Saikhanchuluun Amarbaysgalan

Personal information
- Full name: Amarbaysgalangiin Saikhanchuluun Амарбаясгалангийн Сайханчулуун
- Date of birth: 28 August 1996 (age 29)
- Place of birth: Mongolia
- Height: 1.80 m (5 ft 11 in)
- Position: Goalkeeper

Team information
- Current team: Khovd
- Number: 1

Senior career*
- Years: Team / Apps / (Gls)
- 2009–2017: Khangarid
- 2017–2019: Ulaanbaatar City
- 2019–: Khovd

International career^{‡}
- 2017–: Mongolia / 7 / (0)

= Saikhanchuluun Amarbayasgalan =

Mongolian footballer

Amarbayasgalangiin Saikhanchuluun (Амарбаясгалангийн Сайханчулуун; born 28 August 1996) is a Mongolian footballer who plays as goalkeeper for Mongolian Premier League club Khovd and the Mongolian national team.

==Club career==
Amarbayasgalan played for Khangarid FC of the Mongolian Premier League from 2009 through the 2017 season.
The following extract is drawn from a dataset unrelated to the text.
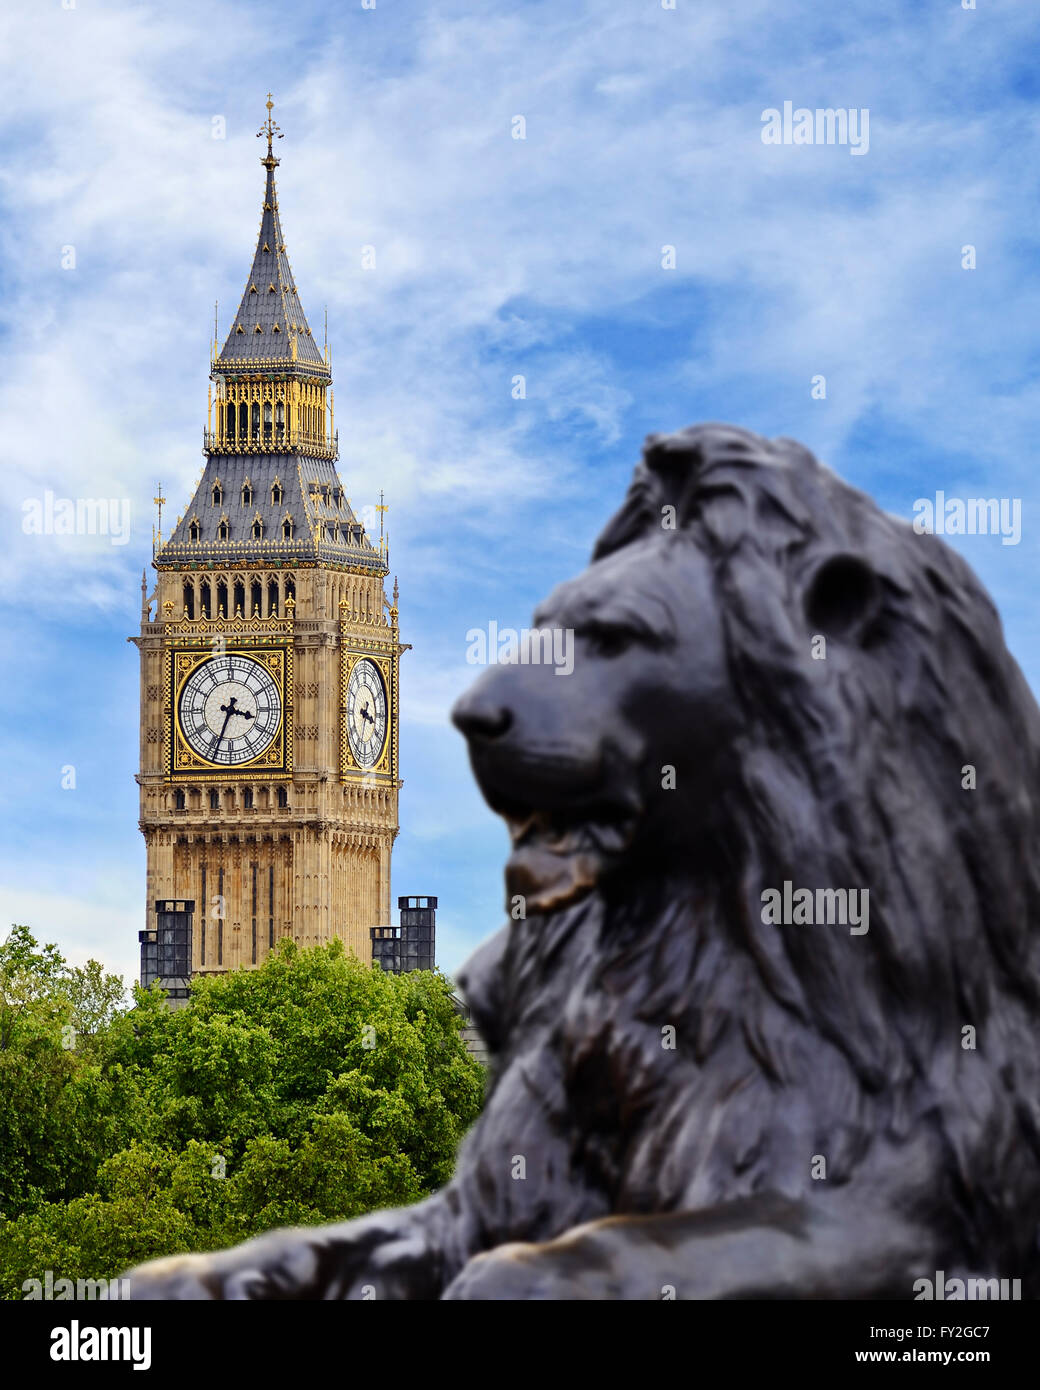 Big Ben Viewed from Trafalgar Square, London, England, UK. Stock Photo

During his final year with the club, he was ranked seventh among goalkeepers in the league with a 72.9 save percentage. On 7 November 2017 it was announced that he was transferred to fellow-Premier League club Ulaanbaatar City FC on a 3–year, 9 million MNT deal. There was a transfer fee of 2 million MNT.

==International career==
Amarbayasgalan made his senior international debut on 5 October 2017 in a 2–4 friendly defeat to Chinese Taipei. He previously represented Mongolia at the under-23 level in 2018 AFC U-23 Championship qualification.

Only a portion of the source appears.